» What to produce
Once the images are removed, set down everything else in the listing below exactly.

» Provided data

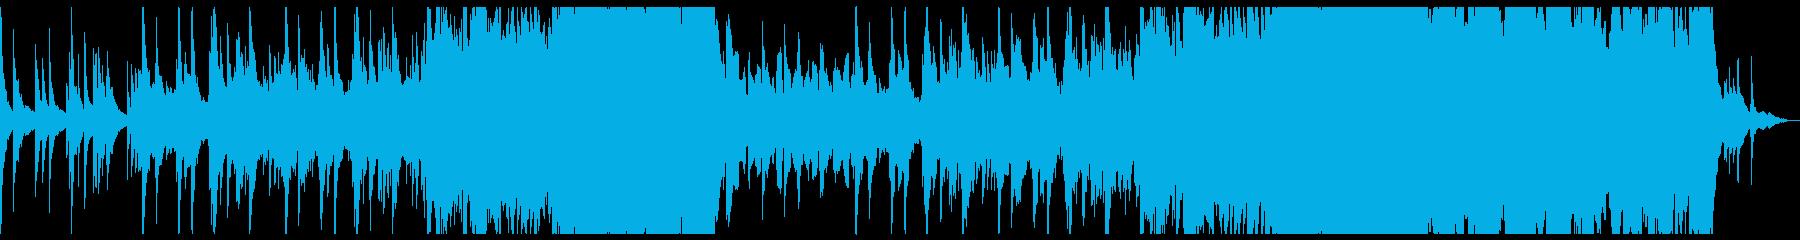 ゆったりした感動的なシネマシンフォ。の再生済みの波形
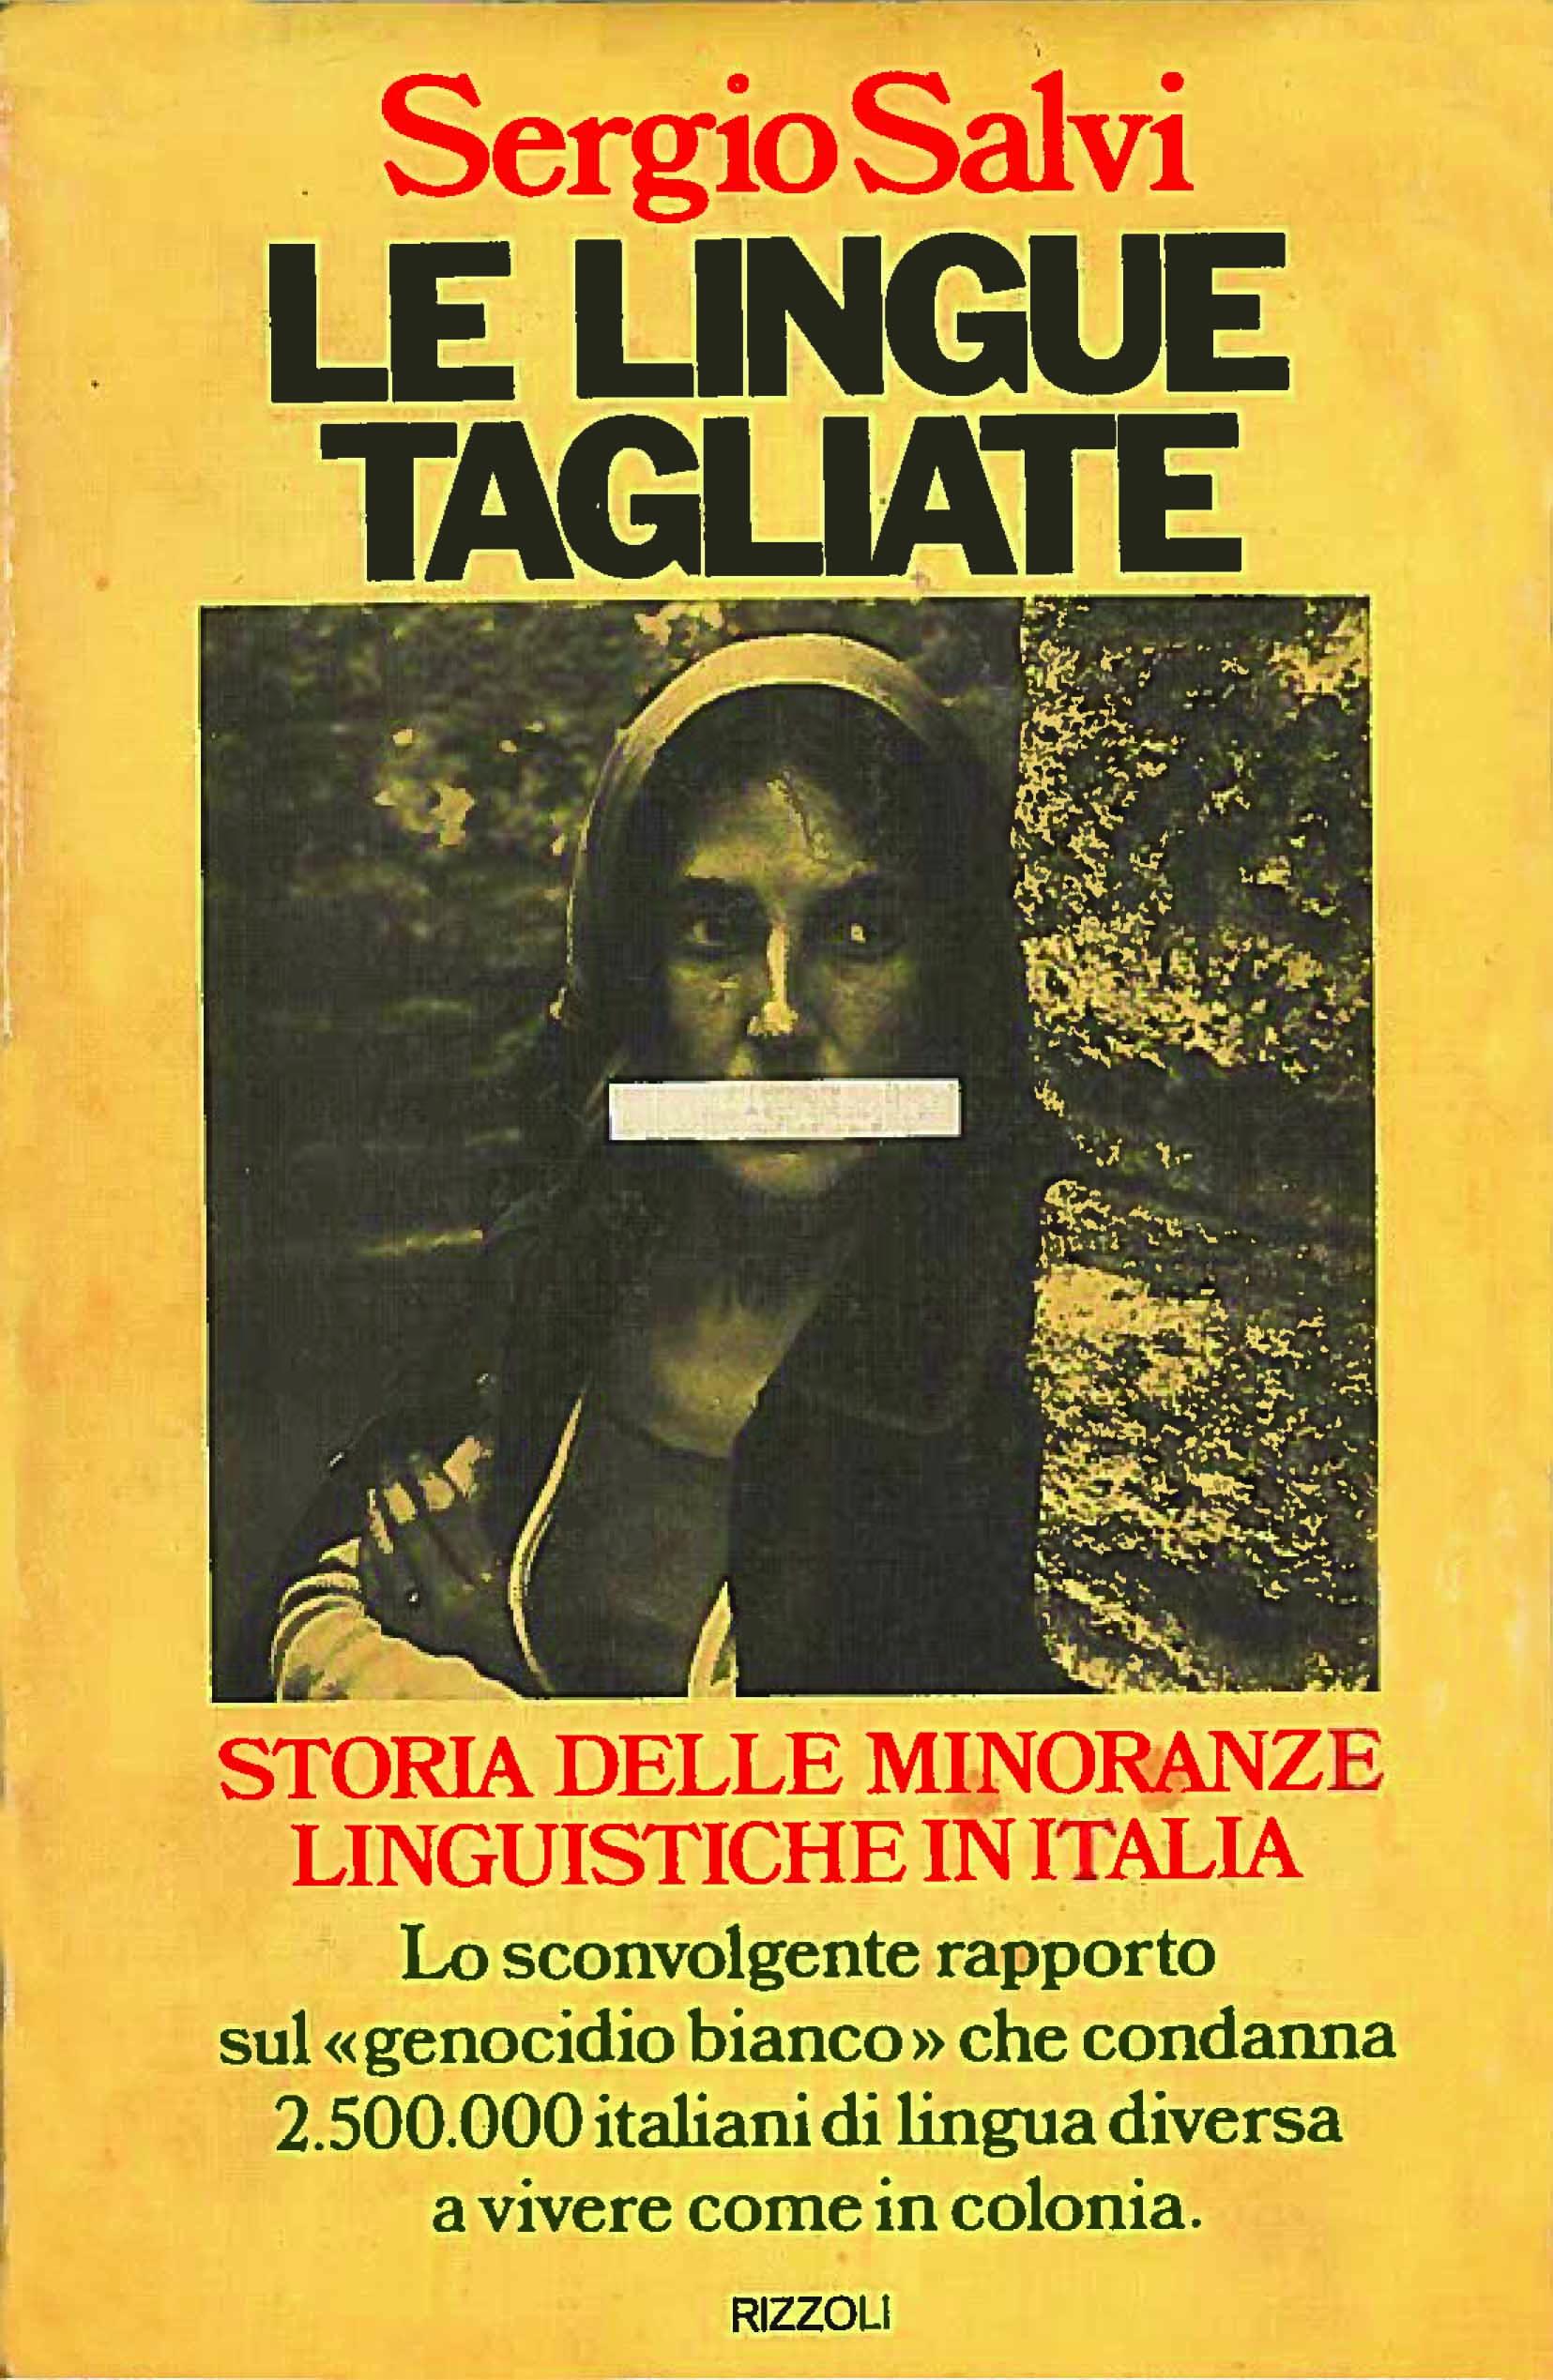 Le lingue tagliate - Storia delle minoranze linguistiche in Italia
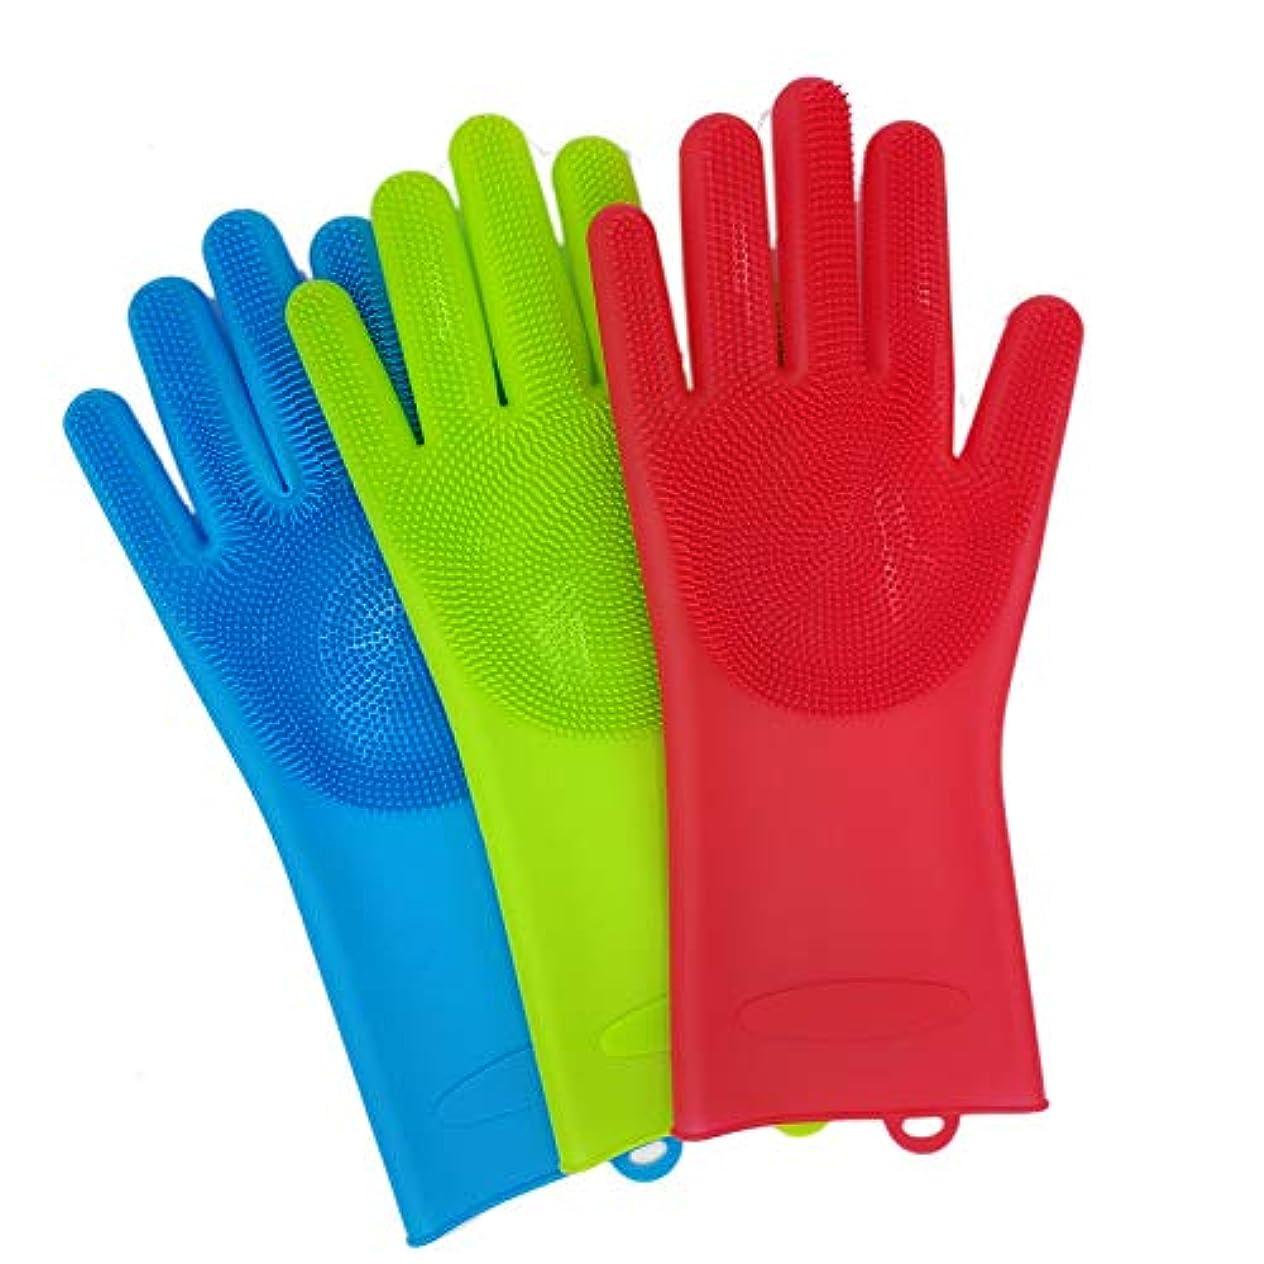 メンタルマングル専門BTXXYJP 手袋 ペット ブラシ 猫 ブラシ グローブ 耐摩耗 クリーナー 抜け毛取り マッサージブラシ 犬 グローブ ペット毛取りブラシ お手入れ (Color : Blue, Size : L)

» Exercise response
 ゆったりした感動的なシネマシンフォ。の再生済みの波形
 Le lingue tagliate - Storia delle minoranze linguistiche in Italia
 メンタルマングル専門BTXXYJP 手袋 ペット ブラシ 猫 ブラシ グローブ 耐摩耗 クリーナー 抜け毛取り マッサージブラシ 犬 グローブ ペット毛取りブラシ お手入れ (Color : Blue, Size : L)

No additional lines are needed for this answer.